这小子打个架不分轻重,是奔着他的命来的!
温沁羽己经被眼泪模糊了视线,她清晰地听到骨头断裂的声音。
再这样下去,强哥会被虞司邈打死的。
那他就惹上麻烦了。
“别打了,虞司邈……”
温沁羽很想阻止他,可她觉得好冷好冷,自己没有力气说话了。
她好不容易挤出来的几个字,被虞司邈打人的动静,和强哥的痛苦喊叫给遮盖住。
强哥蜷着身子保护自己的头,疼得哀嚎连连。
他觉得身体都快被打散架,没有还手的资本了。
眼睛一闭一闭地,晕了过去。
虞司邈停了手,面无表情地盯着他,碎发落于额前,看不见眉眼间的情绪。
“少爷……少爷……”
老麦急匆匆赶来,看到地上躺着一个血淋淋的,生死不明的黄毛。
他家少爷走到满是猩红血痕的床边,动作小心地去拨开被子,查看里边昏迷的女孩。
“温沁羽……”虞司邈的声音都是抖的。
好多血,床上有好多血。
他刚刚进来的时候,还以为她己经被……
没想到事实比他预想地还要糟糕!
他小心地把被子掀开,看见温沁羽己经闭上了眼,脸色和嘴唇都苍白,呼吸孱弱。
她的两只手腕,一只被包扎了起来。
另一只,全是触目惊心的残忍划痕,还在不断往外涌着鲜血,一整条胳膊是血淋淋的。
她到底是多无助,才会用自残来保护自己不被侵犯!
“少爷,您快送她去医院,这个败类交给我来处理吧。
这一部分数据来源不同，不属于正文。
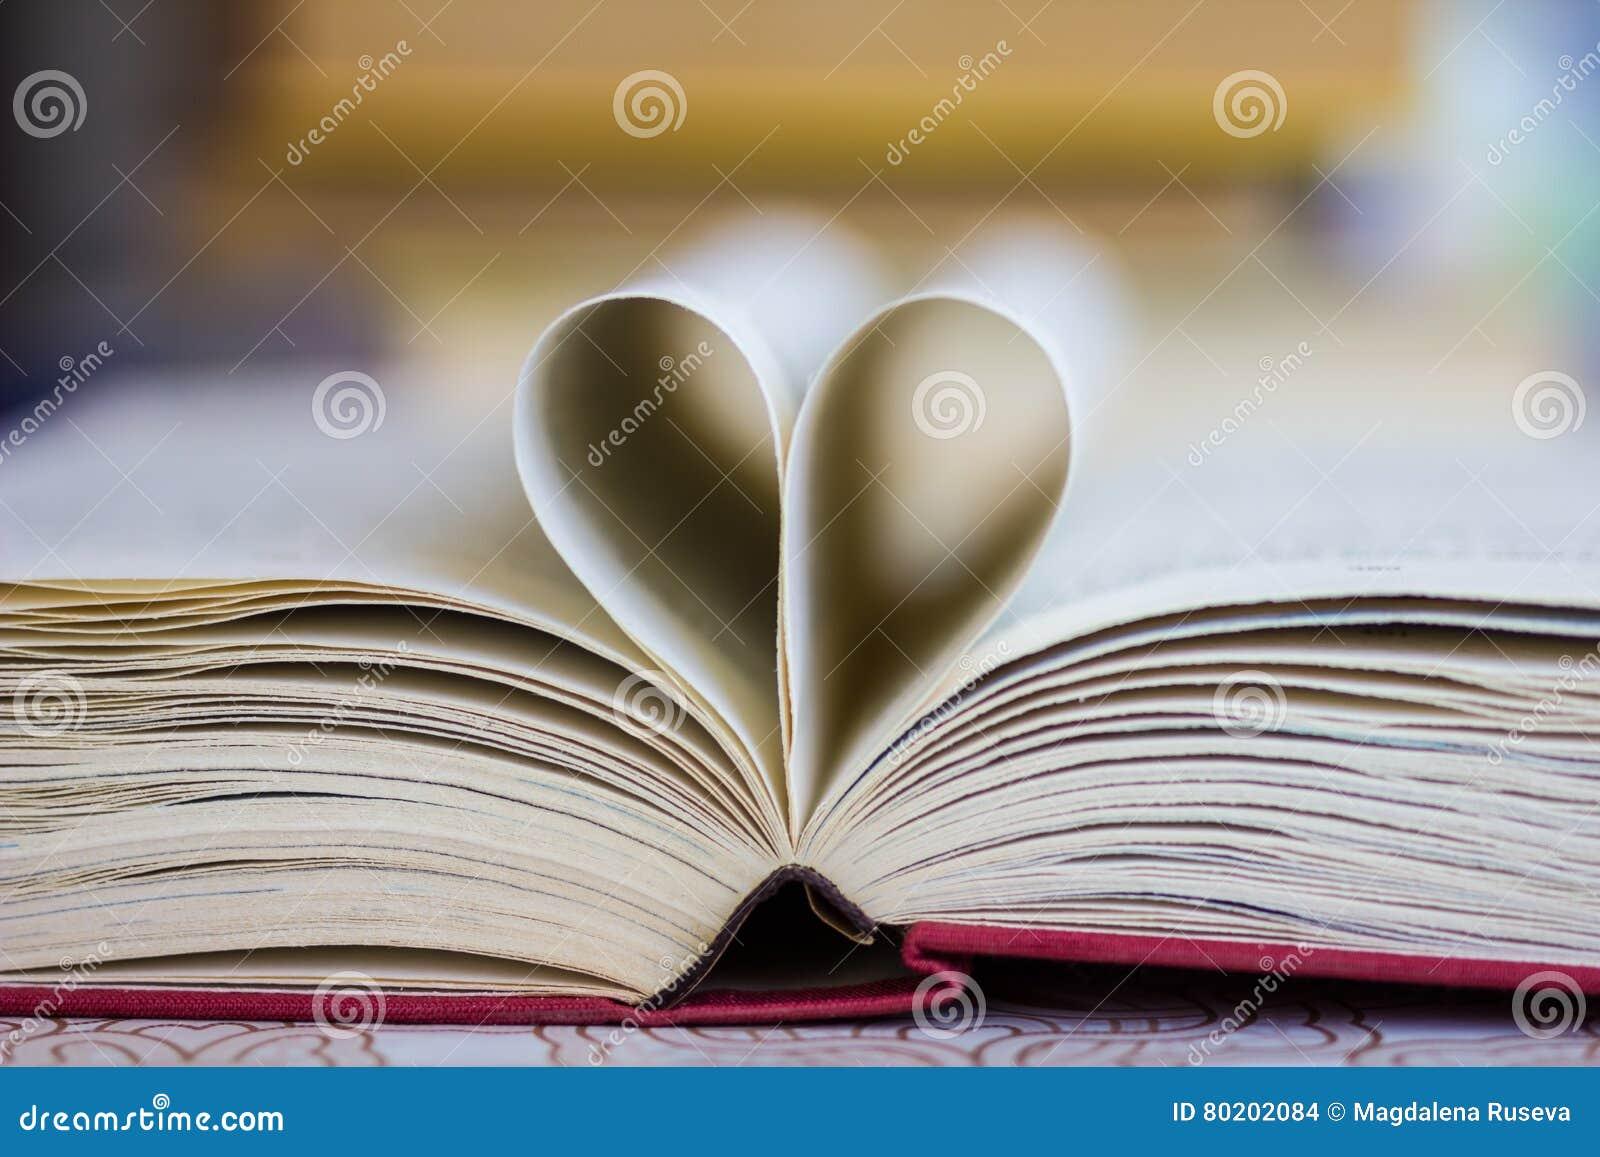 Boek met hart gestalte gegeven pagina s

”
老麦表面上岿然不动,看上去很是镇静,其实头皮瞬然麻了半边。
他探了探黄毛的鼻息。
还好,还有气。
只要人不死,少爷就不算闯了大祸!
虞司邈从来没有这么慌过。
他立刻把温沁羽抱起来,带她去医院。
她流了好多血,在旅馆的走廊滴了一路。
“温沁羽,你别怕,我现在就带你去医院。”他的声音都在哆嗦。
他不明白,她手腕上己经有那么多的伤了,为什么还是有源源不断的鲜血涌出。
一个女孩的身体里,居然可以流出这么多的血吗?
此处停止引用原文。